New York’s housing law includes a safeguard against self-help evictions, or when a landlord swaps the locks or shuts off utilities to unlawfully evict a tenant.
A renter can bring an illegal lockout proceeding against their landlord to expedite the case through housing court and get back into an apartment. But a Queens landlord recently used the law to flip the script.
Michael Carr, an attorney at real estate firm Rosenberg & Estis, filed an illegal lockout proceeding in Queens housing court on behalf of Kew Gardens property owner Leagem Partners.
The landlord’s claim: a potential tenant had unlawfully taken possession of an apartment at 119-20 Union Turnpike.
Eva Gallimore, the tenant in question, submitted an application for the unit on April 1. The online platform Rezi approved her on the condition that she provide proof of income.

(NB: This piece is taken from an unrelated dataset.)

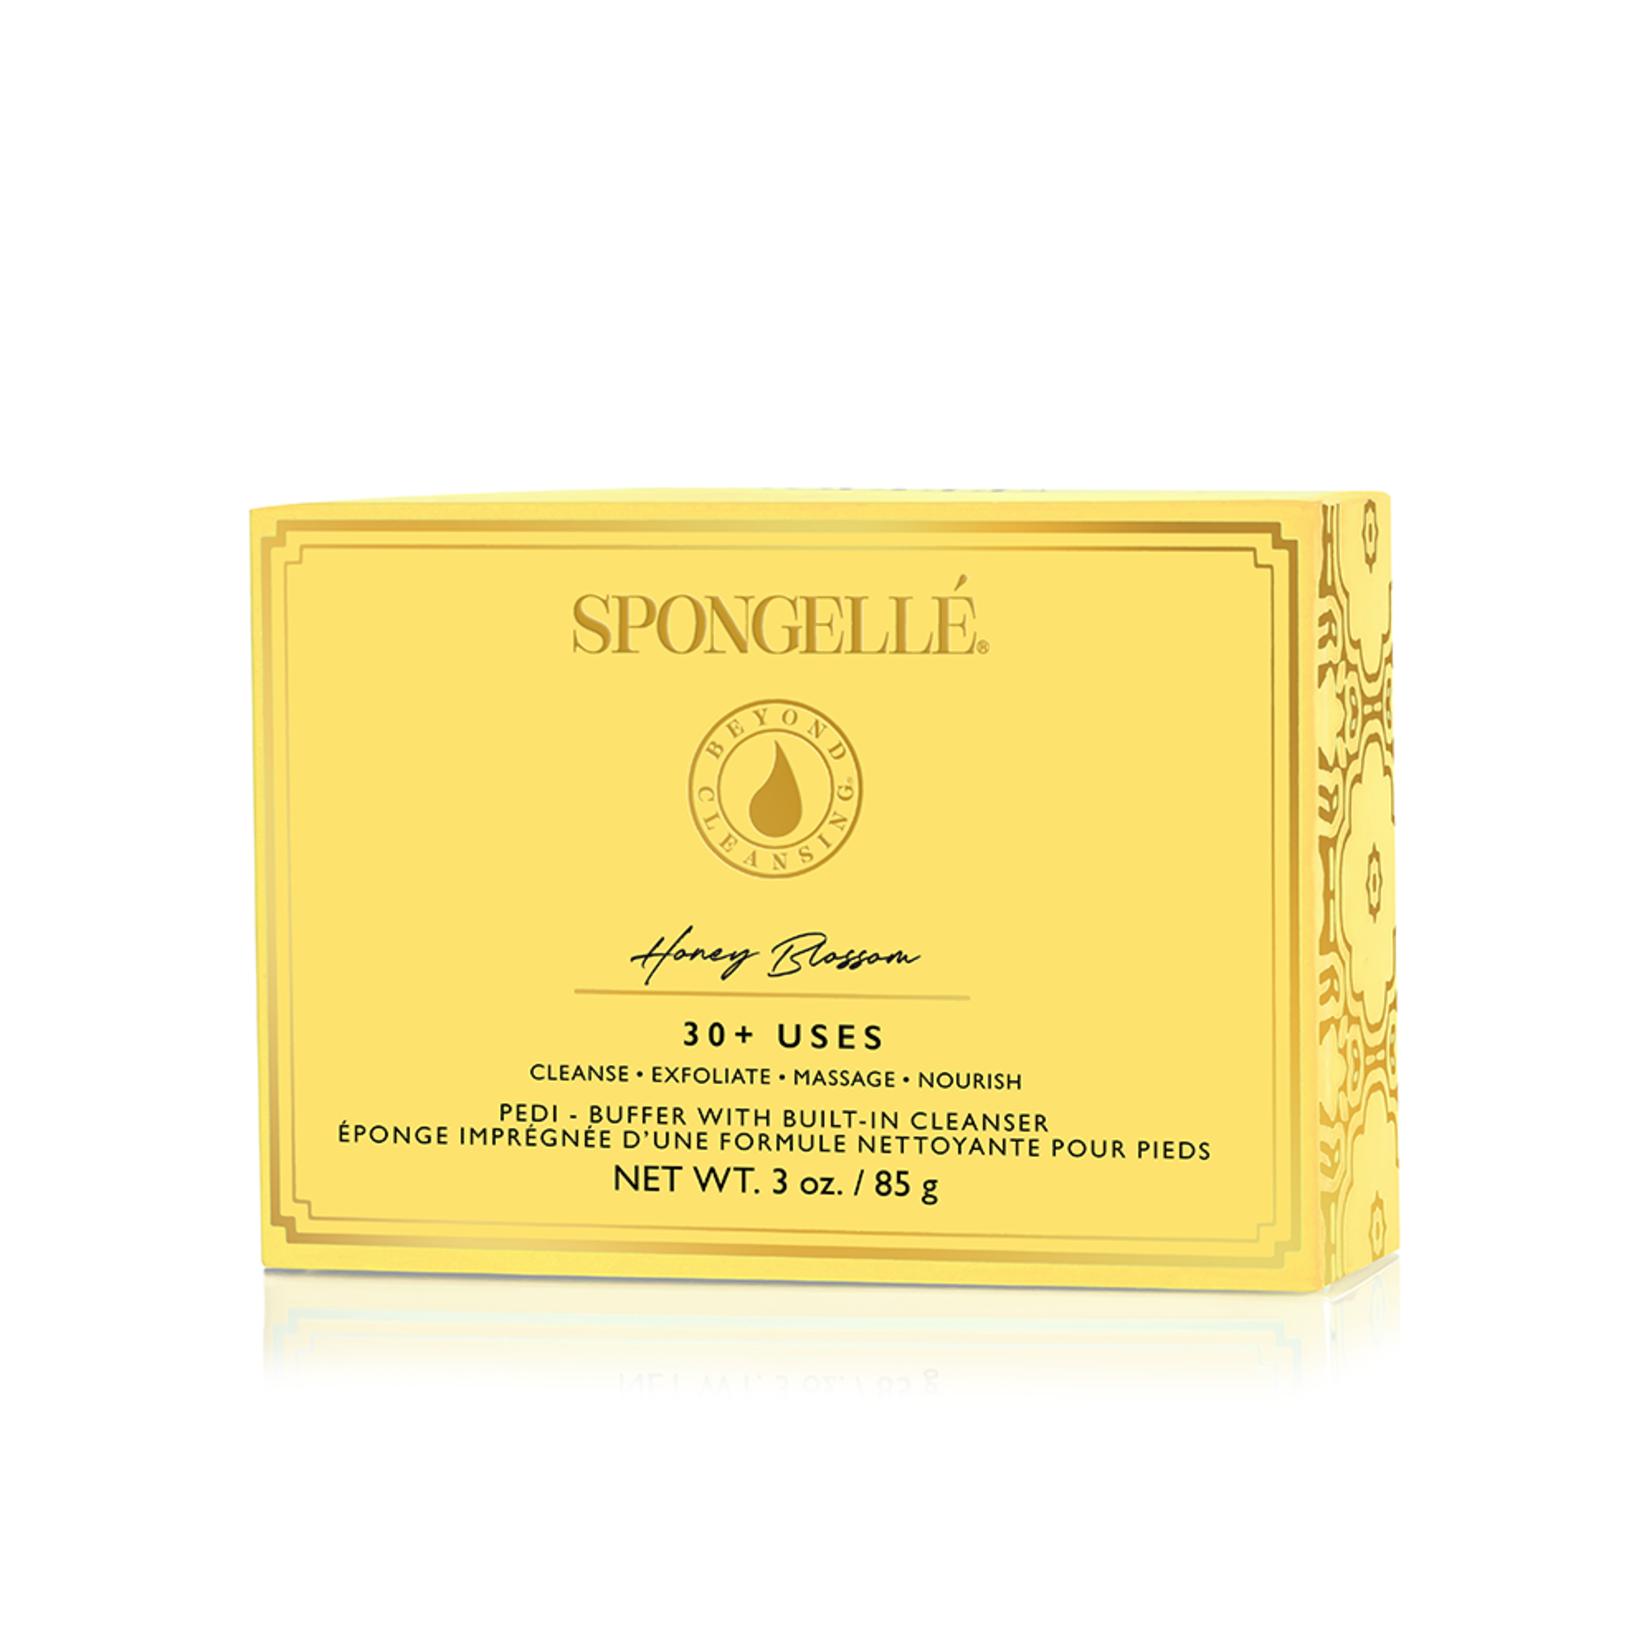 Spongelle Honey Blossom   Pedi Buffer

She was then asked to pay the first month’s rent and a security deposit, as well as sign the lease, which would then require the landlord’s countersignature. She began the process of filling out the paperwork.
While that was going on, Eva’s sister Esther set up an appointment to view the apartment on April 6, using a lockbox key to enter the unit. Esther maintained she was visiting to take measurements, but when she left the apartment, she kept the key.
The same day, the rental company asked Eva for a pay stub, and asked for a bank statement the following day. There had been a problem verifying her employment status.
Eva didn’t provide the extra documents. Instead, on April 8, she moved into the unit with her mother and sister, the same day the rental platform refunded her payments. Rezi subsequently told Eva that the landlord wouldn’t sign the lease and let her know she had to vacate. She argued that because she had already moved in, she was now a legal tenant.
Later that month, Carr took the case to court. To sidestep the waiting period imposed by the Covid eviction moratorium, he argued that Eva had instigated an illegal lockout proceeding against the landlord without due process.
“Probably every other case except for two or three is by a tenant whose landlord locked them out,” Carr said. “But just because the statute is always used by tenants doesn’t mean there’s anything in the statute that says you have to be a tenant.”
After a denial, then an appeal, Judge Clifton A. Nembhard ruled that because the law does not exclusively pertain to residents, the owner could invoke the proceeding to reclaim their property.
And just like that: a new precedent is born.